Processes and methods present their own problem. Consider this example:

define Writer as process {
 int Writer::write([byte] bytes)
}

This declares a process type, Writer, which has one field, write. In this case, write is a method pointer, as indicated by the :: in the above. It seems redundant to require Writer::write, but it’s necessary since write could be a method pointer to some other kind of process. This can be slightly improved by allowing a short-hand like this:

define Writer as process {
 int ::write([byte] bytes)
}

And, in fact, I want to go further a permit this equivalent short-hand notation:

process Writer {
 int ::write([byte] bytes)
}

But, somehow, this doesn’t sit quite right for me. I suppose I need to ponder some other options …

4 comments to Function Pointer Syntax for Whiley

  • Of course, JavaScript (among others) doesn’t use an & for getting the “address” of a function.

  • Heh. We’ve been looking at this for Grace, and looking at what Scala does.

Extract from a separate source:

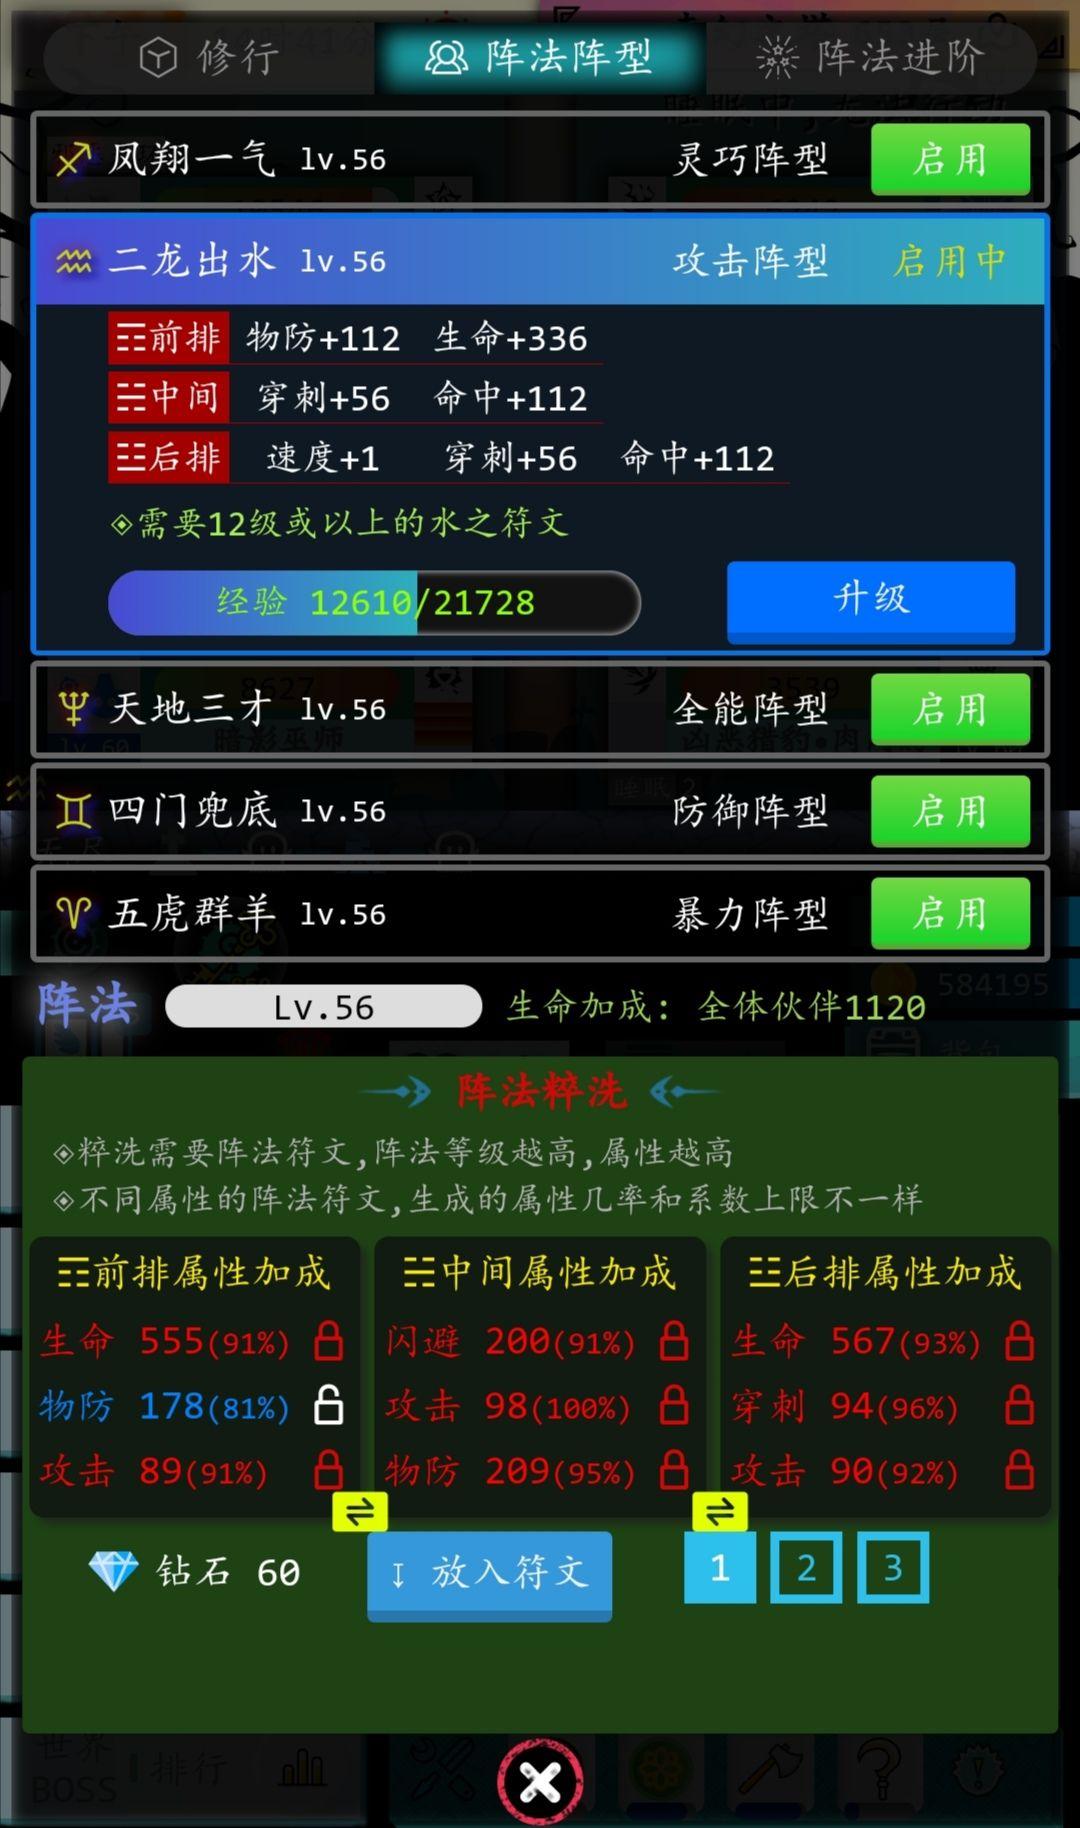 奇幻的冒险阵法详解_阵法及阵型玩法一览

    Functional languages (and C) have a simple rule:
    the naked function name => the value of the function
    name() or name(…, ) => calls function

    OO languages (say C++) could do the same thing.

    BUT if you want the same syntax for message sends and variable accesses –
    then you need to use just a name to call the function (or read a variable).
    So then you need something like “&” to get the function as a value.

    Scala writes “m _” – part of its gratuitous overloading of underscore
    (what ever did it do to merit such abuse). We may write something like
    “fn m” – or (like Smalltalk) just require people to write out the lambda
    explicitly. Smalltalk’s keyword syntax helps here – it’s not clear how
    something like & would work. Requiring an explicit lambda also resolves
    issues about the “receiver” in OO terms: the difference, say, between
    more traditional anonymous functions and C# delegates…

    OK back to reading students work

    btw – calling ’em “function pointers” – really…

  • Hey James!

    Yeah, it’s a good point you make about having identical syntax for variable accesses and message sends. So far, I think I’d given up on trying to do that, but I do think it is a really neat idea!

    Not sure what you meant here: “it’s not clear how
    something like & would work”

    And, yeah, again you’re right about the term “function pointers” … it’s a bit misleading shall we say …

    Hmmmm, decisions decisions ….

  • Hmm, so it turns out that that only works if you’re statically typed (I think).